Eines Tages beim Studieren verführte mich Paula und sie erreichte es, dass wir Geschlechtsverkehr hatten. Das hätte ich mir niemals vorstellen können, ich bereute es sehr. Ich sagte ihr, dass es besser wäre, dass wir uns nicht wiedersehen würden. Ich schrieb dieses Datum in meinem Tagebuch. Zwei Tage später ging sie zum Studium nach Abidjan.
Eines Tages, als ich gerade lernte, stürzte plötzlich mein Vater herein, ging auf mich los und fing an, mich zu schlagen. Ich schrie vor Schmerzen und weinte fast alle meine Tränen. Mein Vater rief: „Du hast Paula geschwängert! “ Er jagte mich aus dem Haus. Ich flehte meinen Vater an, bleiben zu können, aber seine Entscheidung war unwiderruflich. Ich nahm also meine Sachen und ging auf den Markt des Dorfes zu, um dort die Nacht zu verbringen. Ich hatte niemanden, der mir helfen konnte, denn meine Mutter war schon gestorben. Schon damals war ich für ihren Tod verantwortlich gemacht worden. Am nächsten Tag telefonierte meine Tante BLOU mit meinem Vater und wollte mich dringend sprechen. Da ich nicht da war, wollte sie am Abend wieder anzurufen. Inzwischen war ich mit meinen Sachen noch einmal nach Hause zurück gekommen, um meinen Vater anzuflehen, mich wieder aufzunehmen. Er fragte mich, warum ich gekommen sei und fügte hinzu, dass meine Tante mit mir telefonieren wollte. Bis zu ihrem Anruf dürfe ich hier bleiben, dann solle ich mich wieder davon machen.
Am Abend rief meine Tante an und fragte, ob ich mich an das Datum unseres Geschlechtsverkehrs erinnere. „Vor 2 Wochen“, antwortete ich. Sie sagte, dass Paula schon im zweiten Monat sei und dass sie wisse, dass ich nicht der Vater des Kindes sein konnte, ihre Schwiegertochter sei leichtfertig. Sie versprach mir alles zu tun um mich zu entlasten, denn sie wusste, dass ich respektvoll und klug bin. Sie wusste auch, dass mein Vater und die anderen Mitglieder der Familie mich misshandelten.

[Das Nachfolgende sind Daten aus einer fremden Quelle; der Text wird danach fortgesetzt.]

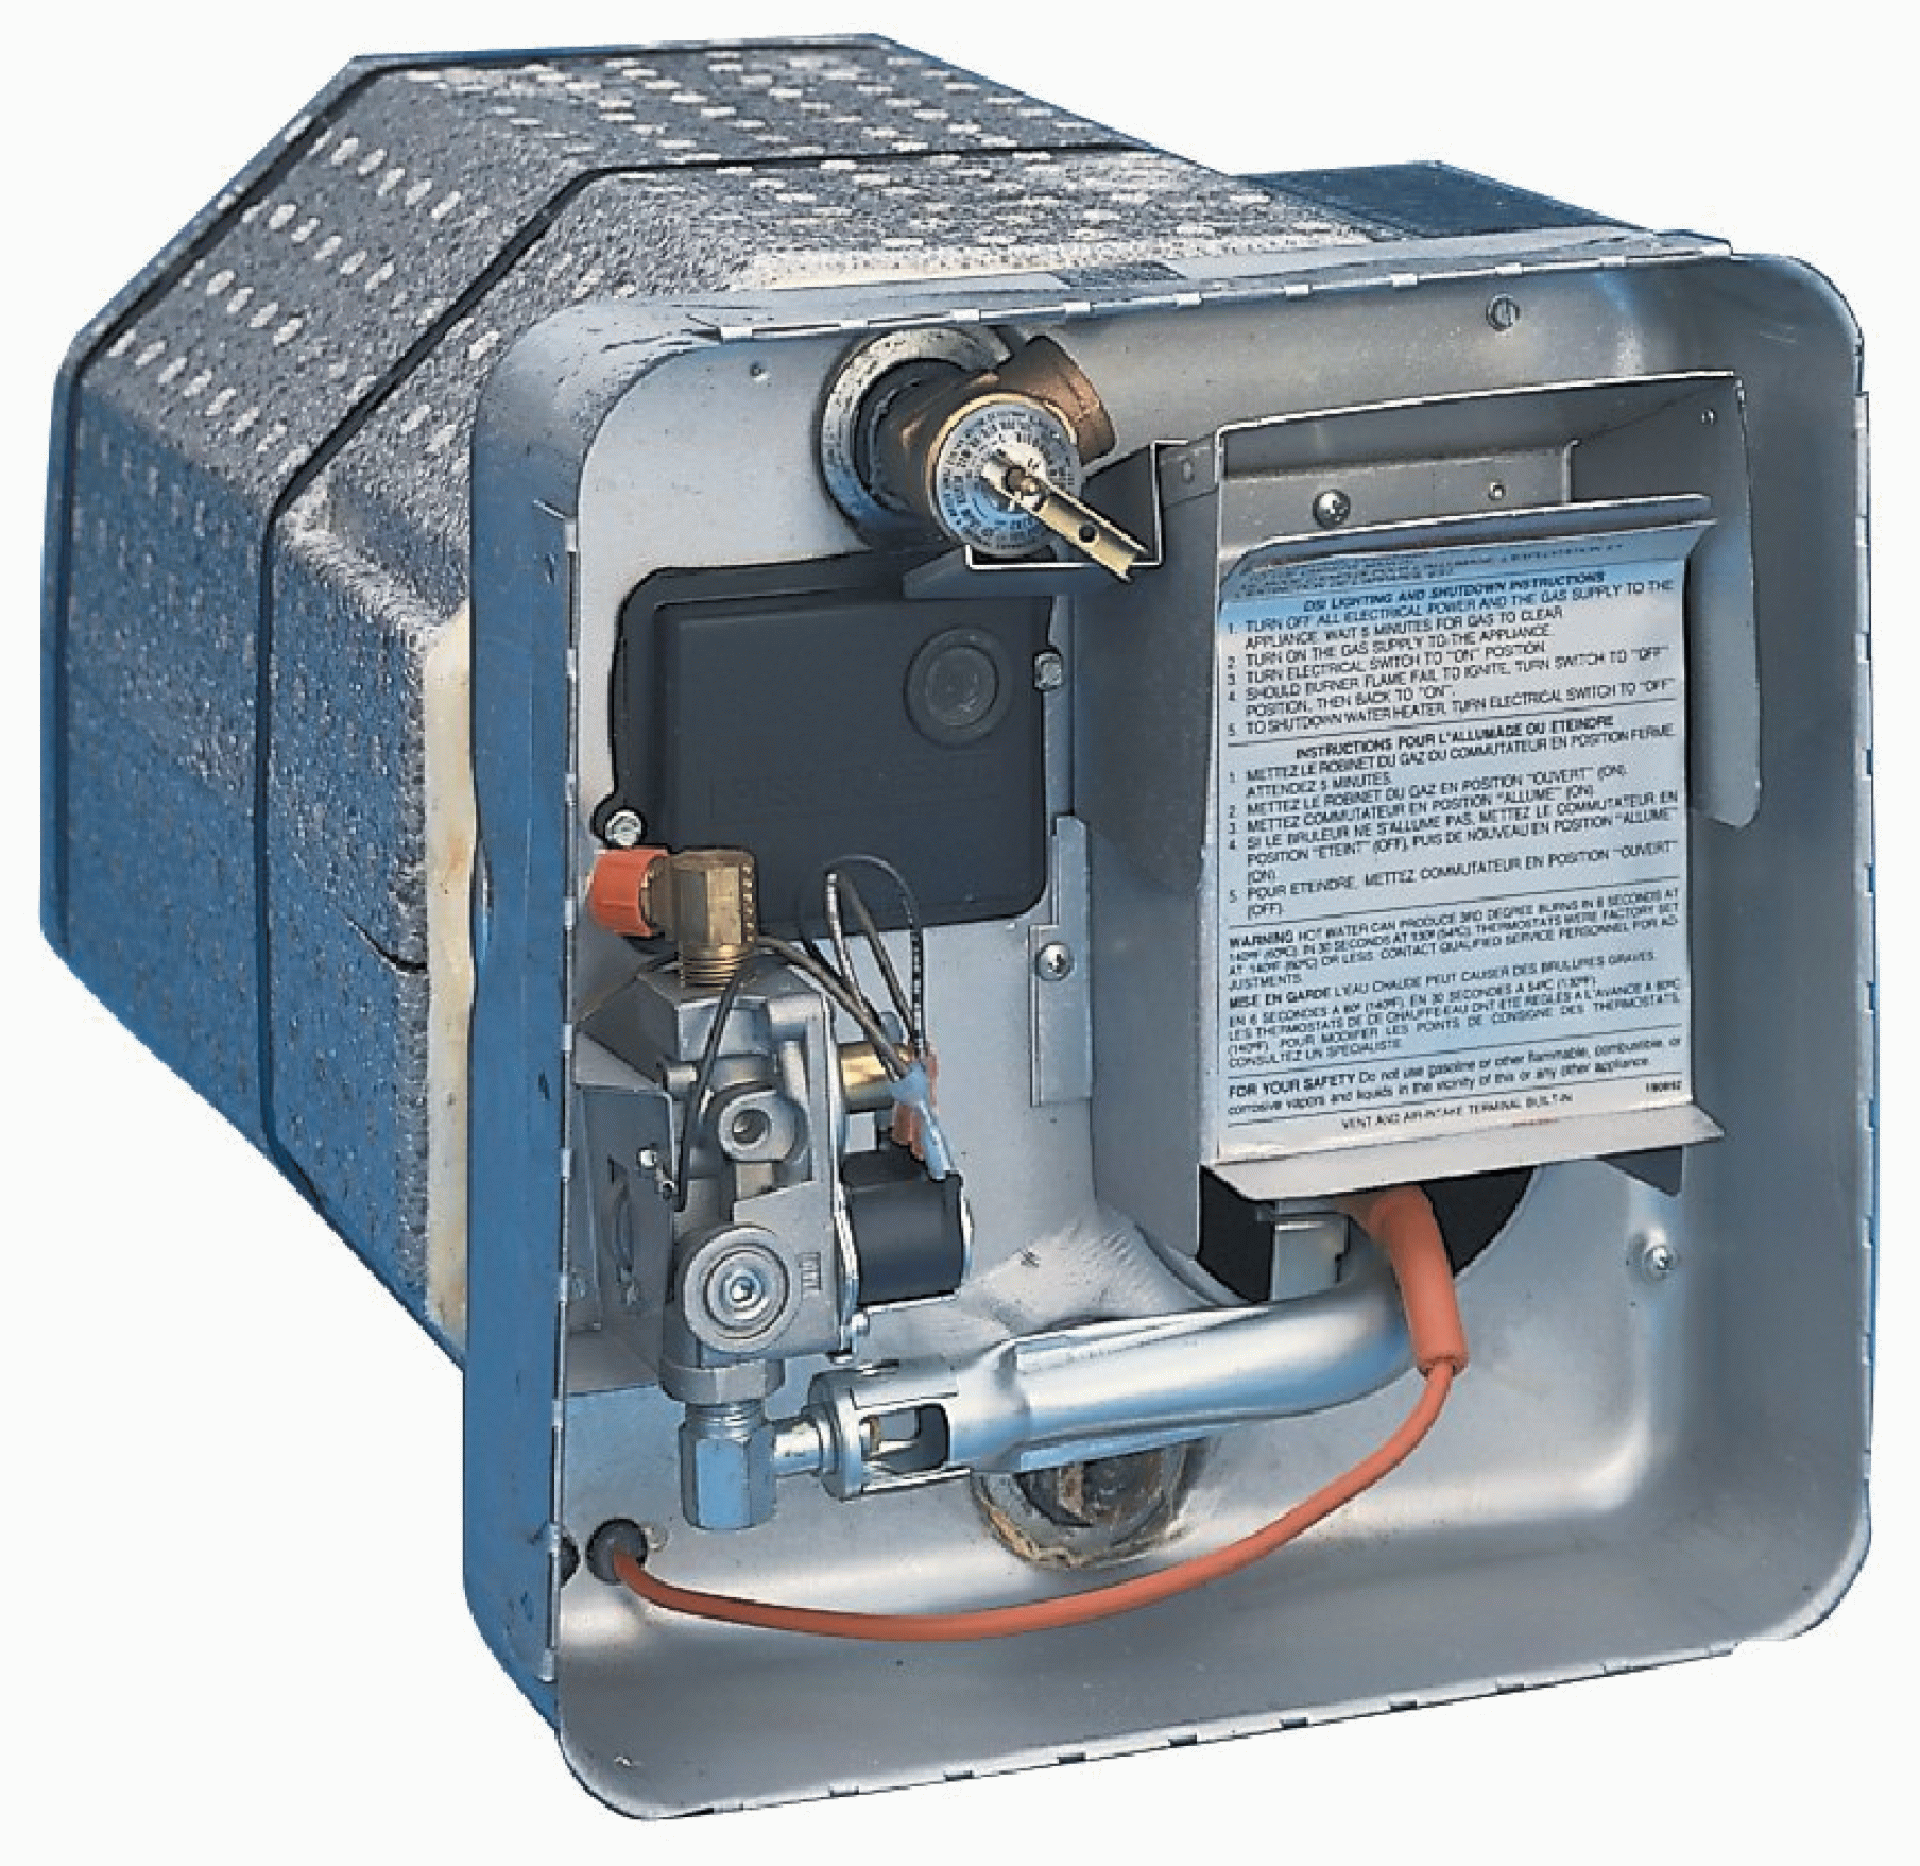 Suburban Mfg | 5121A | Water Heater Combination Direct Spark Ignition Gas & electric 6 Gallon

Danach erzählte sie meinem Vater, was sie wusste und er nahm mich wieder zu Hause auf. Trotzdem bin ich, wegen des Geschlechtsverkehrs geschlagen worden.
Drei Tage später jagte der sehr strenge Vater von Paula sie zu meinem Vater: „Ich brauche Geld für die Abtreibung. Mein Vater verlangt es, damit ich mein Studium fortsetzen kann.“ Mein Vater weigerte sich, das Geld zu geben und PAULA musste zu ihrem Vater zurückkehren. Meine Tante ließ ihr eine Abtreibung machen, nachdem Paulas Vater überzeugt wurde, dass ich nicht daran schuld war.
Als ich am nächsten Tag meine Lektionen studierte hörte ich die Töne des heiligen Trommelns. Sofort ging ich dorthin, um zu wissen, was los war. Ich war geschockt, als ich erfuhr, dass meine Tante BLOU Kopfweh bekommen hatte und nach nur fünf Minuten gestorben war.